There are some things in life that seem so amazingly simple to me that I trick myself into believing that no one could possibly mess them up. Oh what a naive moron I am. People are so incompetent that they will always find a way to fuck up things that should be completely nonfuckupable. What is worse is that the majority of the time they don't even believe that they are making a mistake. Instead they will justify their jackassery by saying that they are "doing it their way" or "making it their own." Sorry friend, you are wrong. When you make a bagel with the toppings on one side it is because you are an incompetent fool.

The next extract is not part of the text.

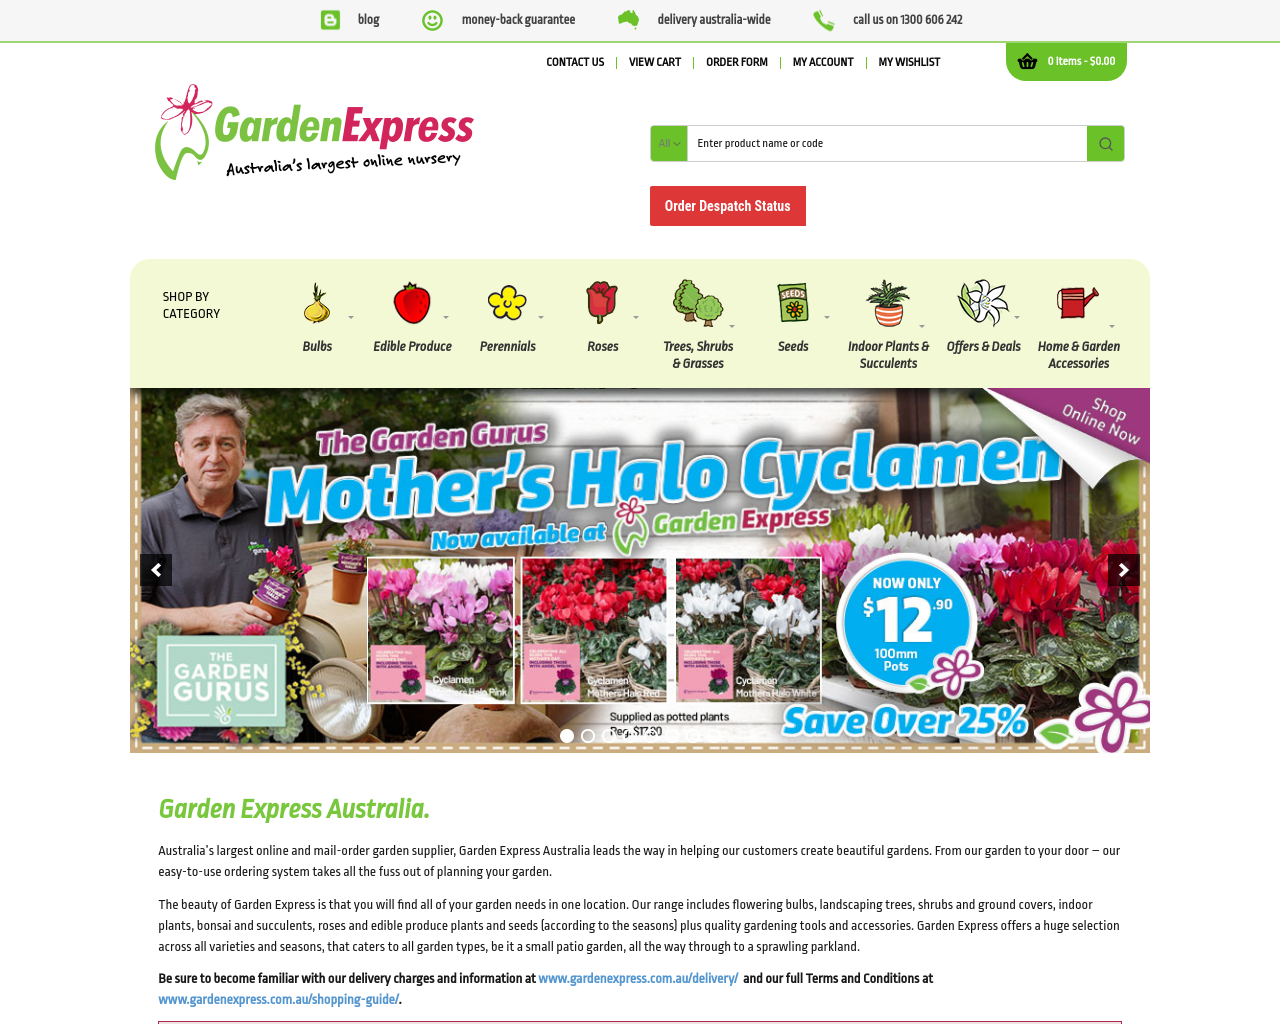 gardenexpress.com.au

Growing up in Cali we frequented a bagel joint called Phil A Bagel. It was the greatest. The bagels were soft and had toppings on both sides. They were like heaven. I never knew that there could be such a thing as a bad bagel. Then I moved to Morris, IL and my world was rocked, there were no bagels. None. Sure, I was probably wrong for thinking that a rural town in the midwest would have the delicious breakfast treat of the Chosen. As far as I know there was only one Jewish family in Morris and for some selfish reason they didn't run a bagel shop. Jerks. It was a bad situation and I was forced into accepting mediocrity or worse when it came to bagels. 

When I lived in Chicago I found, with some help, a couple of places that made good bagels. Sadly all of these places were a pain in the ass to get to and Einstein Bros and Dunkin Donuts were so much closer. For years I would justify eating sub standard bagels by mumbling "better than no bagel." In retrospect it was sad how I compromised one of my core values; that bagels should be delicious. 

No longer will I compromise. As I sat here in Jersey City sipping an iced coffee (with ice cubes made of coffee! Holy shit!) and munching on the most delicious everything bagel that has ever been made on this Earth I came to the epiphany that I can't live the way I've been living. I will never settle again. I will only dine on the bagels of superior quality for the rest of my days. When I go out with a real estate agent who rambles on about the schools I will tell them to shut up and give me the lowdown on the bagel scene. When I venture back into the midwest and crave a bagel I will tell my stomach to pull it's head out of it's ass and order biscuits and gravy. And then I will wonder if my stomach has a head and an ass. 

From this day forward all of my bagels will have seeds on both sides. On this day I shall liberate myself from the tyranny and oppression of hard bagels with minimal toppings. I am going to scream out to the world that I will not go quietly into the night! I will not vanish without a fight! I'm going to live on! I'm going to survive! Today I celebrate my Independence Day (from bad bagels)!